Of the phylogenetic markers included in the amplicon panel, those in ITS2 showed the least utility for investigations into genetic diversity or relatedness. In contrast, the mitochondrial genes, cox-1 and mt-ND5, showed more promise for speciation and population delineation. The cox-1 gene was able to identify four samples that had been misclassified as An. funestus. Visual identification of mosquito species requires skilled and experienced individuals, but such identification can often be of limited use due to sample degradation. The non-An. funestus isolates were found to be An. gambiae and An. coustani, both known vectors in the region. An. gambiae is the focus of many vector control strategies across Sub-Saharan Africa, due to its large contribution to malaria transmission. Anopheles coustani is considered a secondary malaria vector across Central and Southern Africa. It is highly zoophilic and endophilic, differs sufficiently enough in behaviour to avoid many traditional vector control methods, and therefore its capacity for transmitting malaria is beginning to be taken more seriously66,67. Also such ability to escape IRS and LLINs through its behaviour, might be the origin of a future epidemic resurgence of malaria after the main malaria vector An. gambiae has been controlled. Whilst the occurrence of these species in this study could be the result of incorrect morphological identification, it may also be an example of species introgression68. BLAST analysis of the cox-1 sequences for these misclassified samples revealed a 91–94% identity to An. funestus, compared to the 97–98% identity to the other species. Introgression of genes in An. funestus has previously been reported, but to confirm it is occurring here would require whole genome sequencing combined with a comparative genomic analysis69.

For both mitochondrial genes, high haplotype diversity was observed in the context of the very low nucleotide diversity. This suggests a high number of low frequency variants, which has been observed for other Anopheles spp.43. The smaller sample size tested here may contribute to the low frequencies observed, so increasing the number of specimens screened with this amplicon panel would provide greater insights into the population dynamics.

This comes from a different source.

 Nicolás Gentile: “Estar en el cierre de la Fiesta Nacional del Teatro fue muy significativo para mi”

Our study has demonstrated the utility of an amp-seq panel as a viable screening technique for SNPs associated with insecticide resistance. The detection of previously unreported missense SNPs also demonstrates its potential usage for the identification of new SNPs that may be involved in insecticide resistance, if used in tandem with phenotypic studies. Currently the use of this panel in a field setting may be limited by access to sequencing platforms, and a lack of bioinformatics expertise, and as such could be of more use in a research setting. However the use of a portable sequencer such as the long-read MinION could help to overcome this, along with a graphical web interface platform for data analysis, as successfully implemented for malaria and tuberculosis70,71.

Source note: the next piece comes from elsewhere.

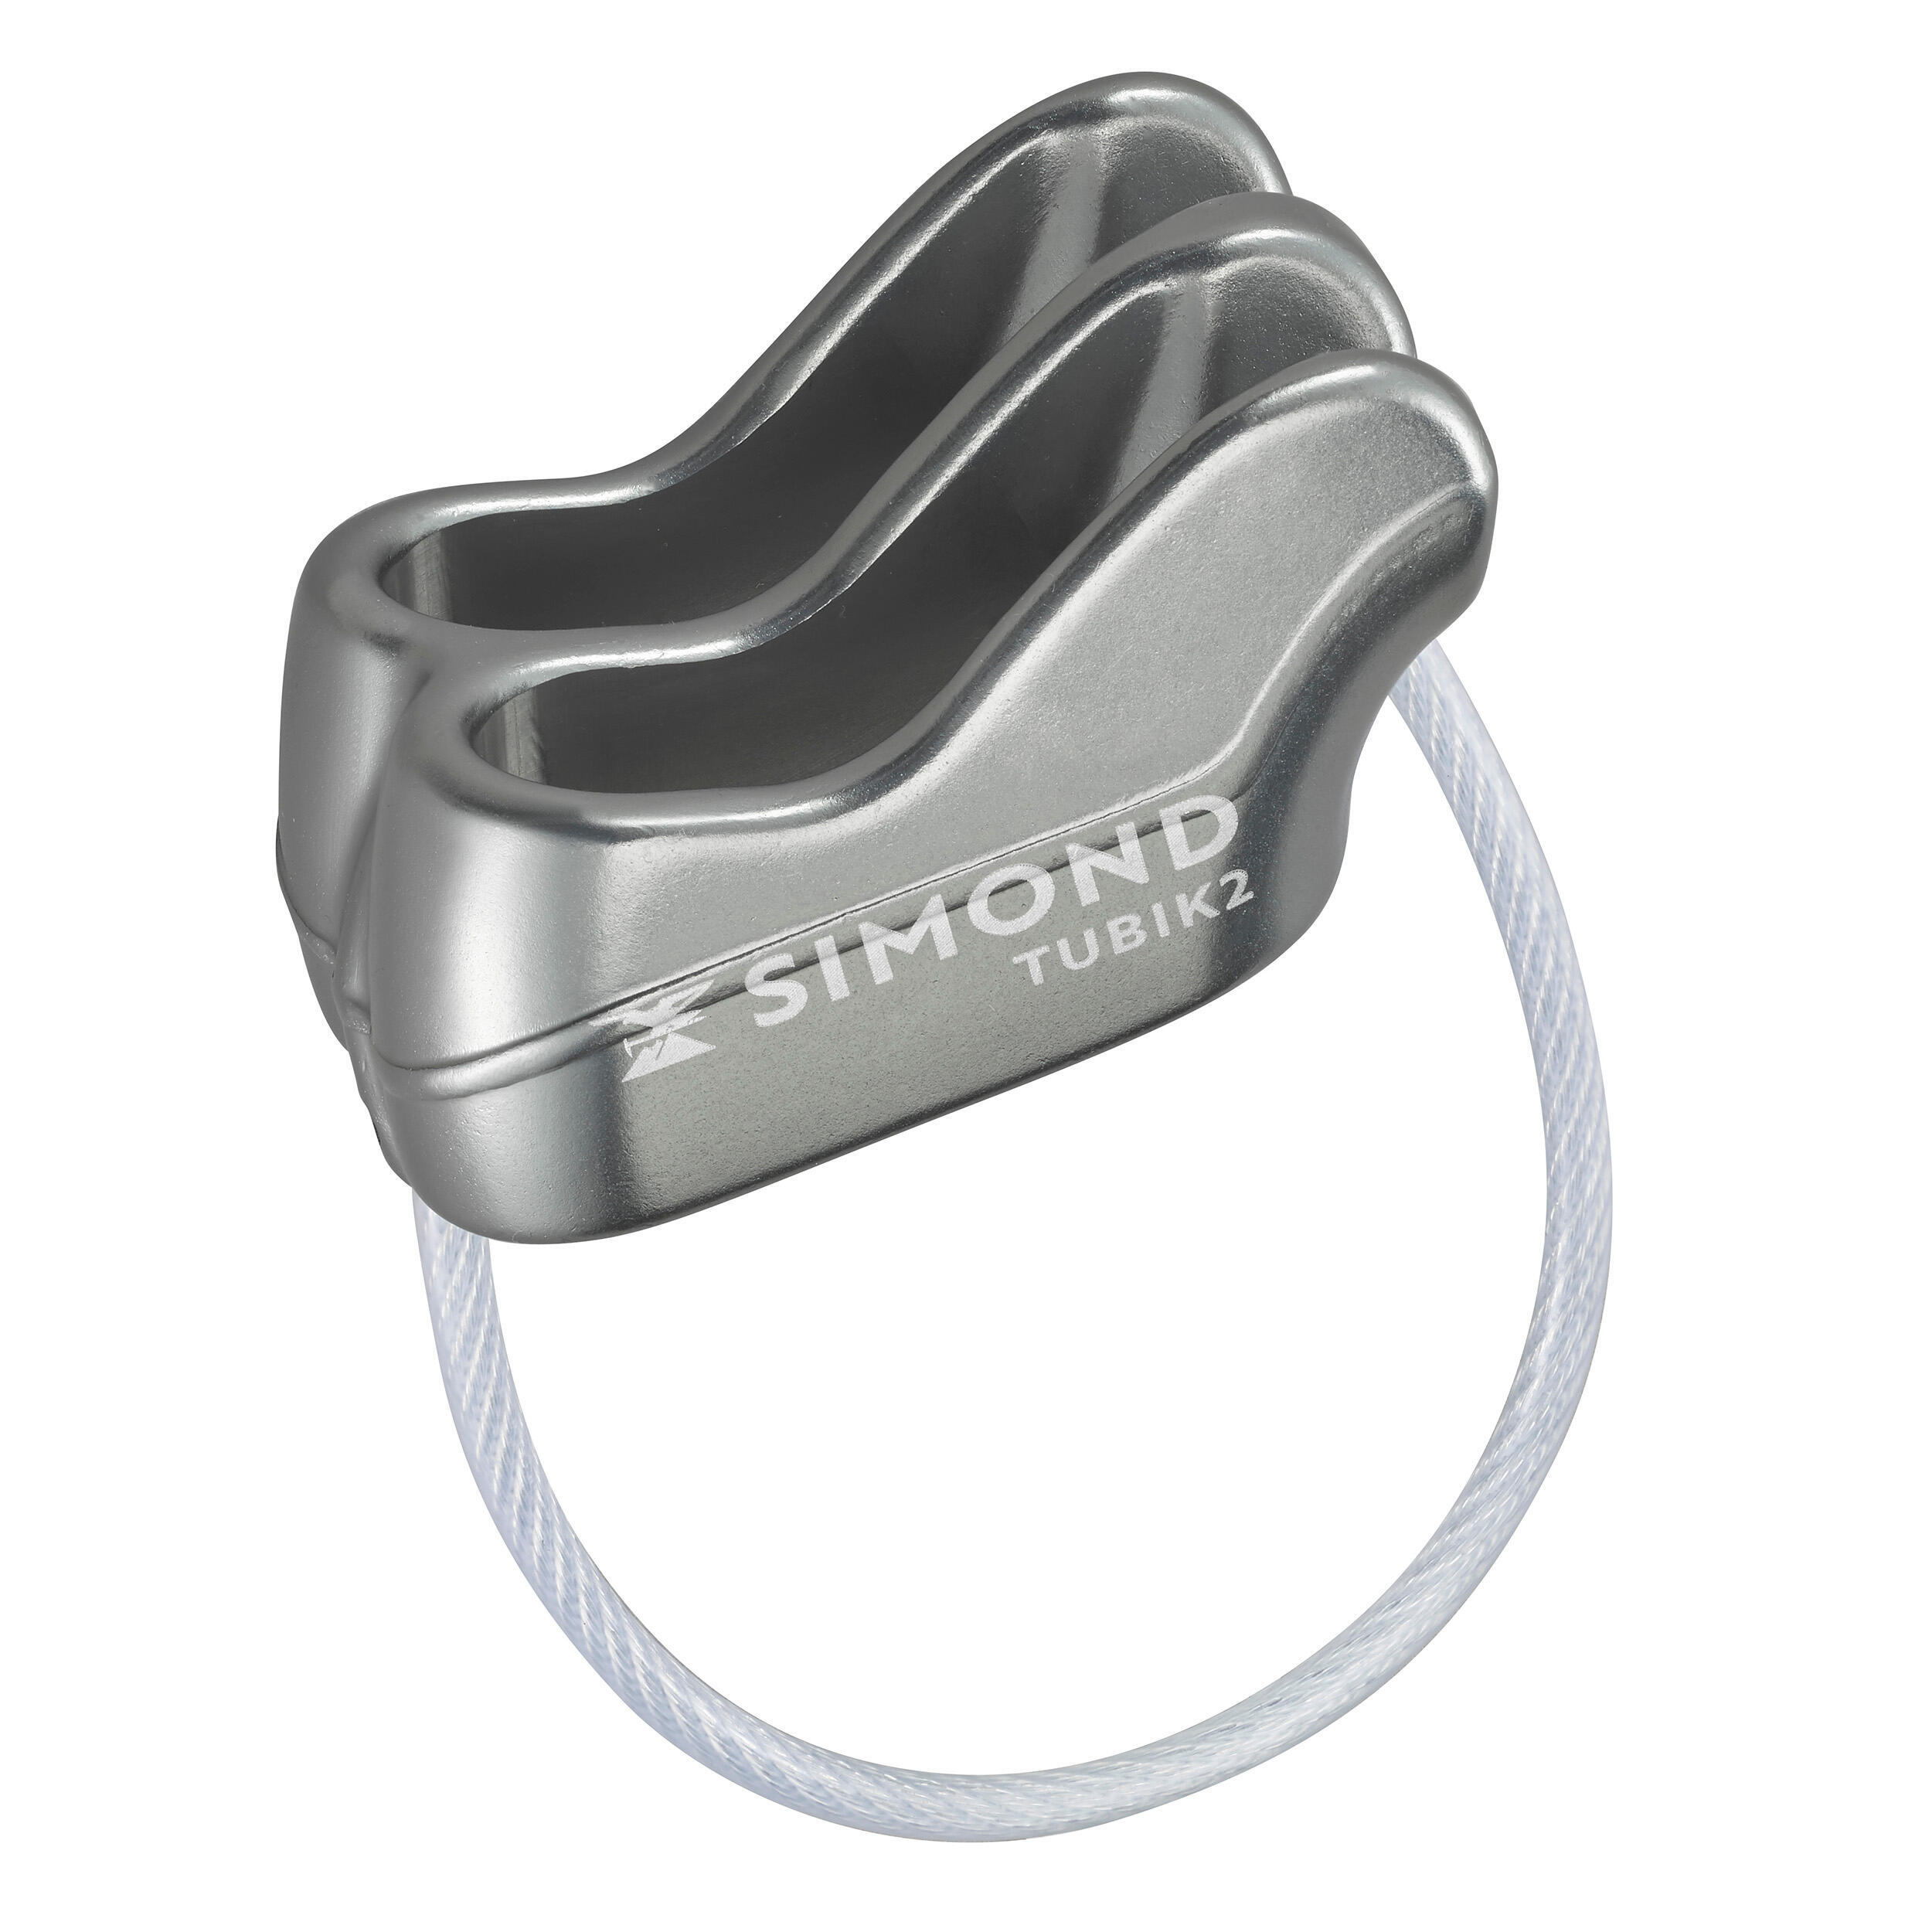 Страховочно-спусковое устройство Simond 2, серый страховочно спусковое устройство для альпинизма simond tubik compact x decathlon

Importantly, informed vector control methods are needed to meet the World Health Organization goals of reducing malaria mortality by 90% within the next 7 years. Whilst gains have been made since this target was established, in recent years the number of cases has stabilised. New impetus is needed for large-scale surveillance studies with high throughput molecular tools to rapidly inform policy choices and reduce malaria cases. Our assay, which can be easily extended to other loci, represents a tool and opportunity to perform molecular surveillance in a vector heavily involved in malaria transmission across Africa.